- Sihali Jageer Location in Uttar Pradesh, India Sihali Jageer Sihali Jageer (India)
- Coordinates: 28°47′59″N 78°15′46″E﻿ / ﻿28.79972°N 78.26278°E
- Country: India
- State: Uttar Pradesh
- District: Amroha
- Founder: Pathan's

Government
- • Body: Gram panchayat

Area
- • Total: 419 km^{2} (162 sq mi)
- Elevation: 207 m (679 ft)

Population (2011)
- • Total: 9,115
- • Density: 21.8/km^{2} (56.3/sq mi)

Languages
- • Official: Hindi, English
- Time zone: UTC+5:30 (IST)
- PIN: 244241
- Vehicle registration: 7162
- Nearest city: Gajraula
- Sex ratio: 4797:4318 ♂/♀

= Sihali Jageer =

Sihali Jageer (also known as Sihali Jagir) is a village in the Hasanpur subdistrict of the Amroha district within Jyotiba Phule Nagar in the Indian state of Uttar Pradesh. Sihali Jageer is also famous for plants Nursery .

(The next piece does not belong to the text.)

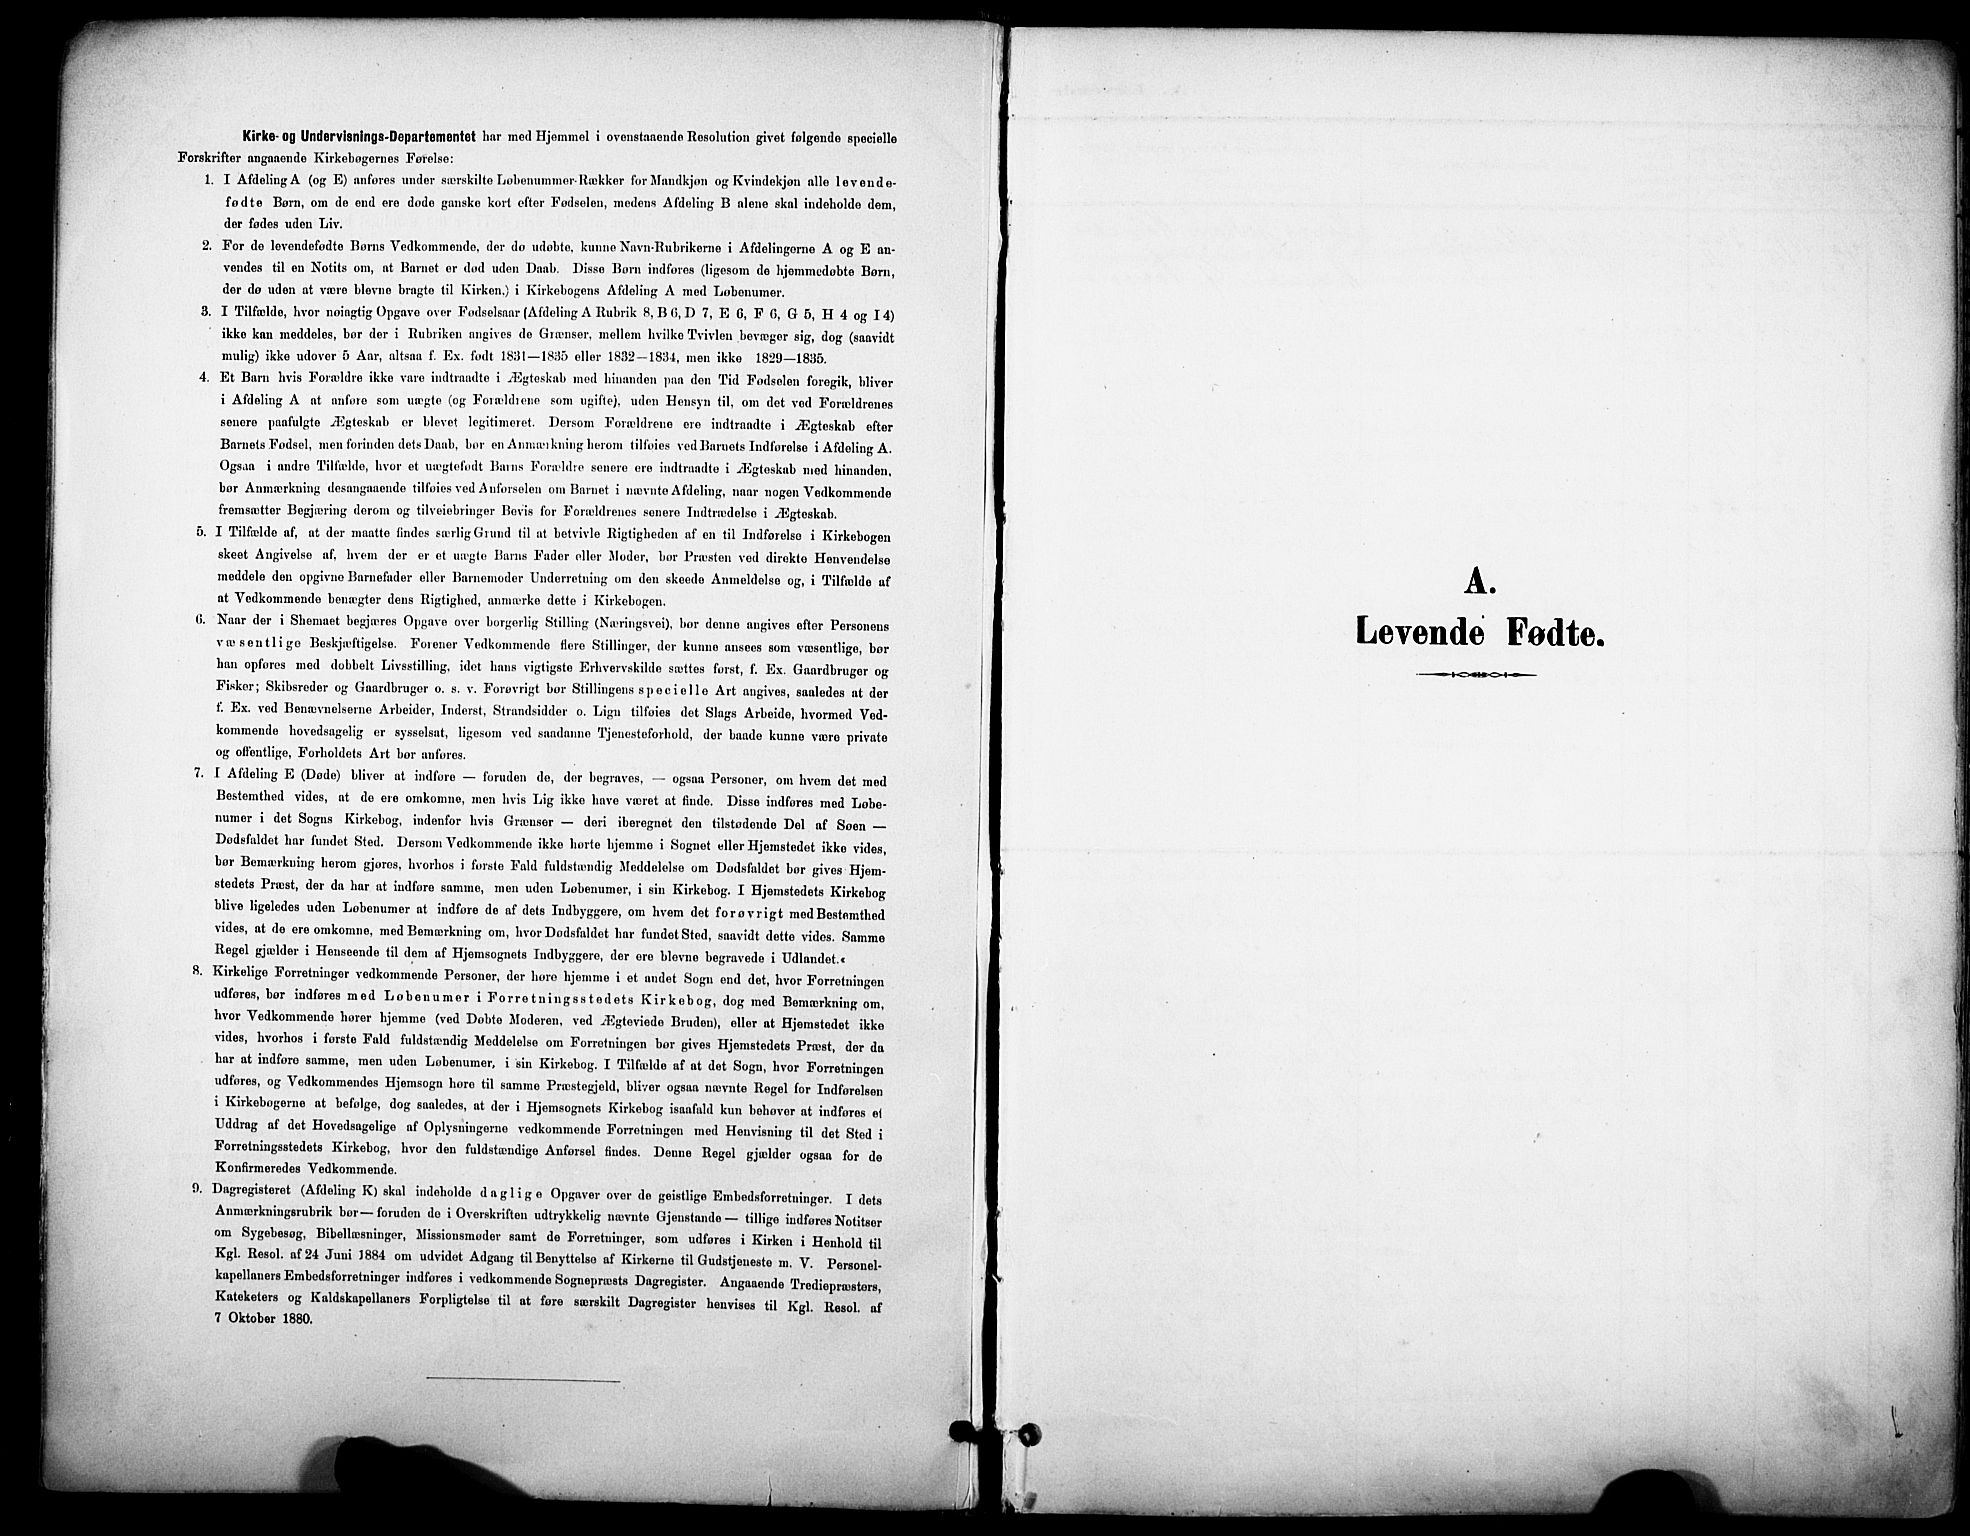 SAKO, Sandefjord kirkebøker, F/Fa/L0004: Ministerialbok nr. 4, 1894-1905
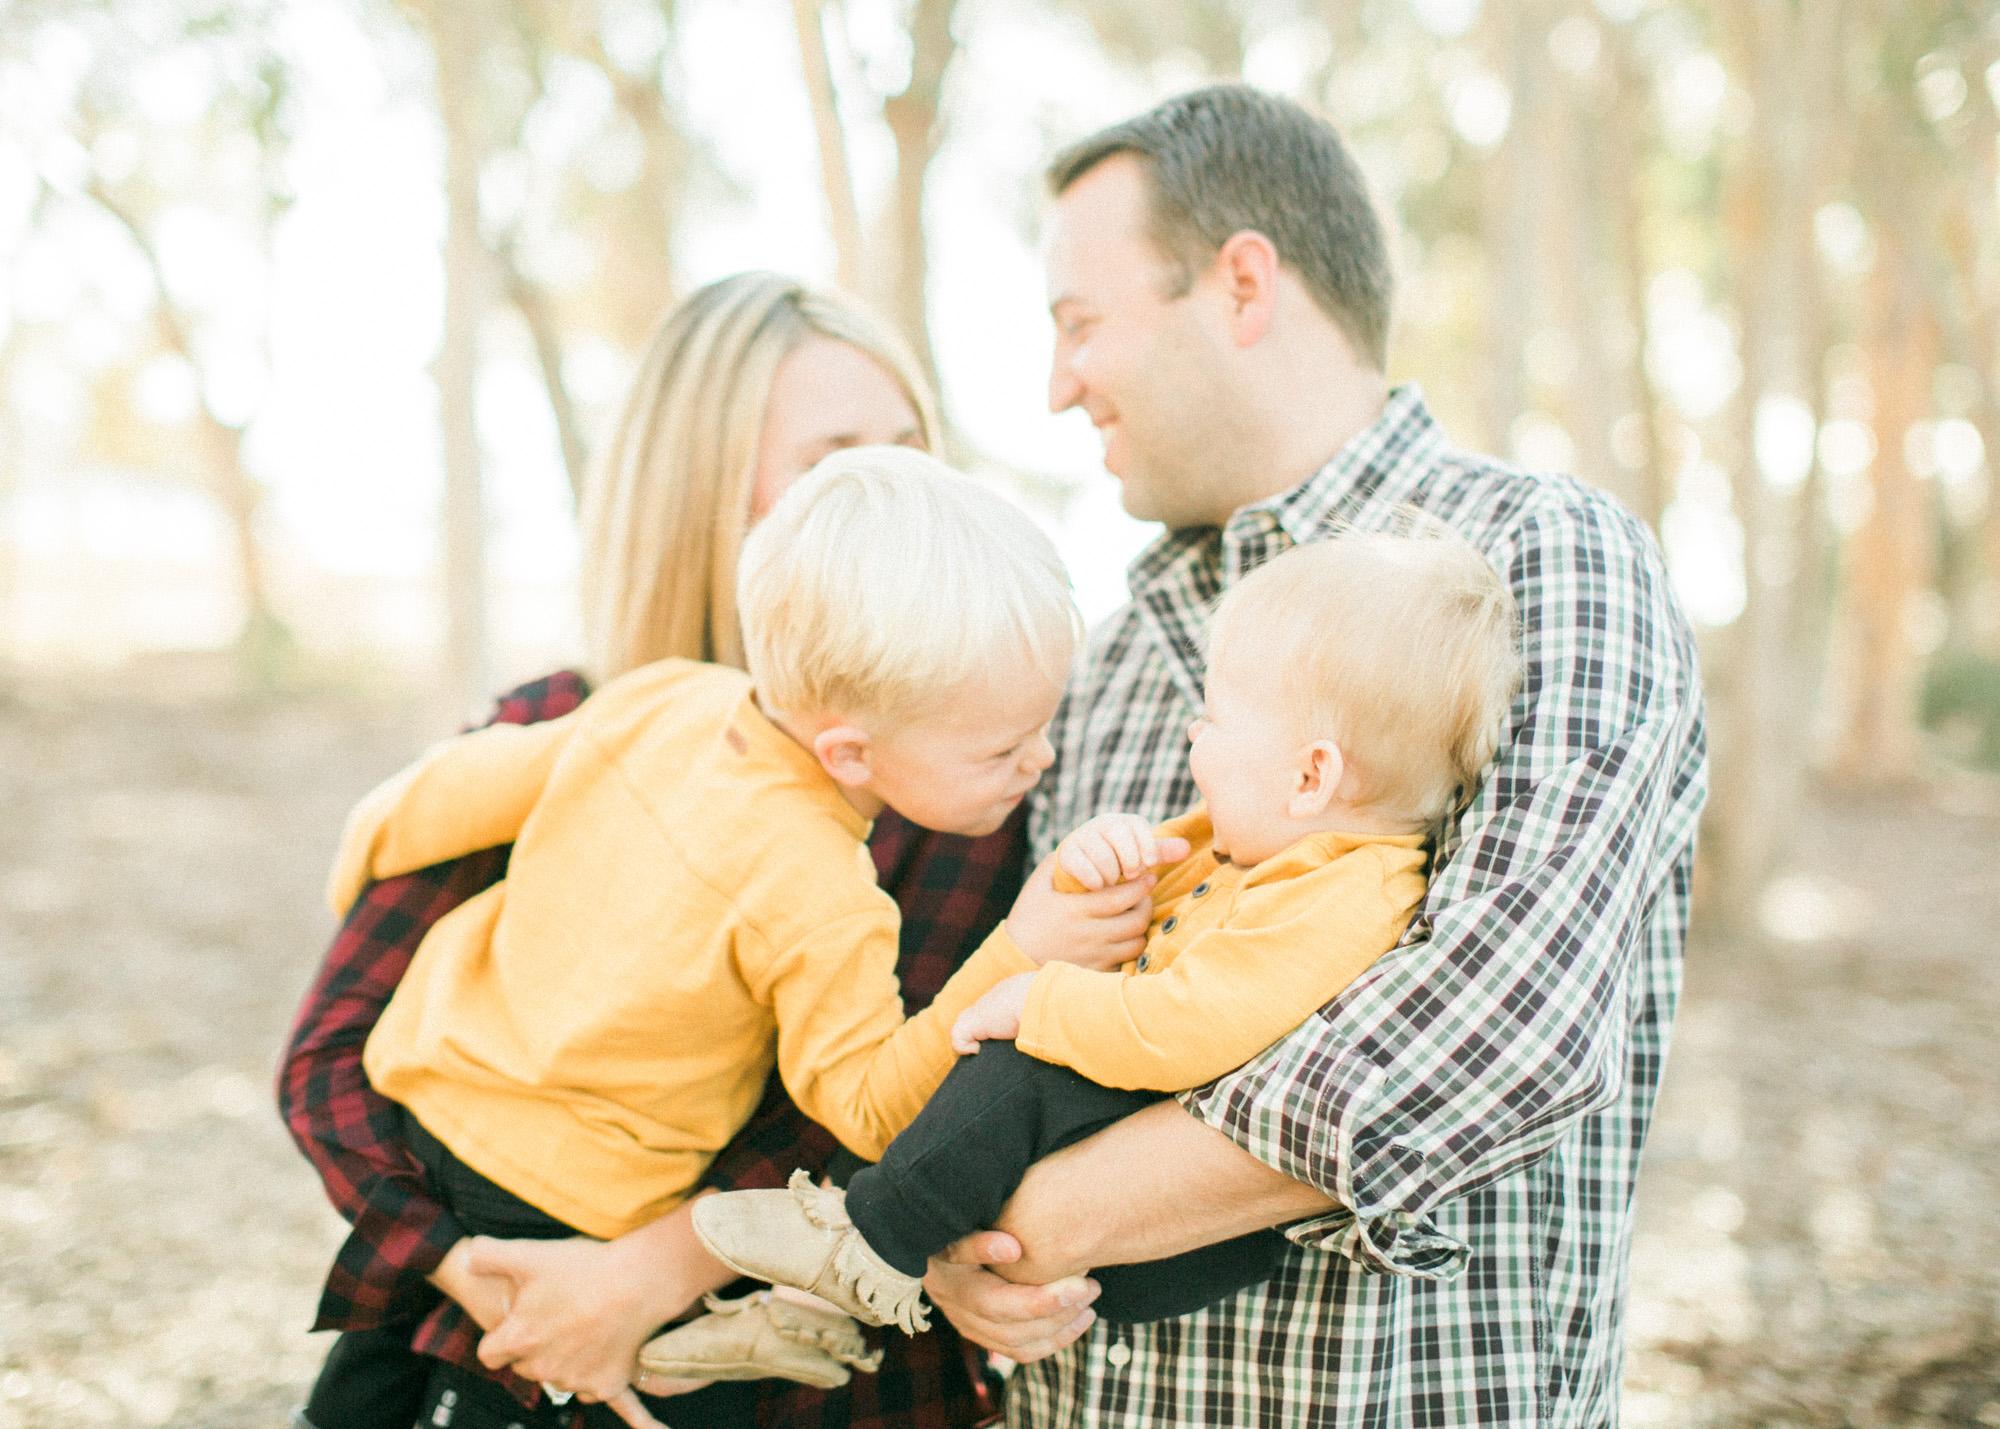 fall-family-photos-5.jpg

Sihali Jageer is a gram panchayat administered by a sarpanch. The village was originally settled by Pathans, 400 years ago. Sindh Mohalla was the first Mohalla of this village which settled by two brothers, Peer Khan and Meer Khan.

==Economy==
Sihali Jageer is known as a center of the plant nursery and horticulture industry. Fareed Khan is credited with being the first resident in the village to develop a successful nursery business, and his success inspired many other village residents to develop their own nursery businesses.

The name Sihali Jageer is also used as a trademark by a luxury ladies fashion company located in Ambedkar Nagar, Noida, Uttar Pradesh. The company was founded by a zamindar family of Amroha district named Sihali Jageer.

The Anjuman A. Ashraf Pharmacy College (located at Vill-Basi Sahsoli Post-Sihali Jagir, Tehsil-Hasanpur, Amroha, J.P. Nagar 224241) was granted the status of "Diploma institutions only for conduct" for 2019–2020.
== Demographics ==
According to 2011 census data, there were 1474 households in Sihali Jageer and a population of 9115 of which 4797 were males while 4318 were females. In 2018, its population was estimated to have grown to around 14,000 made up of 2,000 households, of which 65% were estimated to have land holdings.

The population of children in the village aged 0–6 was 1665 which constituted 18.27% of the total population of village according to the 2011 census data. The child sex ratio was 875 which was lower than the Uttar Pradesh average of 902.

Per the 2011 census data, Sihali Jageer village had a literacy rate of 58.98%, which was below the average literacy rate of Uttar Pradesh at 67.68%. The male literacy rate was 67.66%, while the female literacy rate was 49.39%.

Ashfaq Ali Khan is from Sihali Jageer.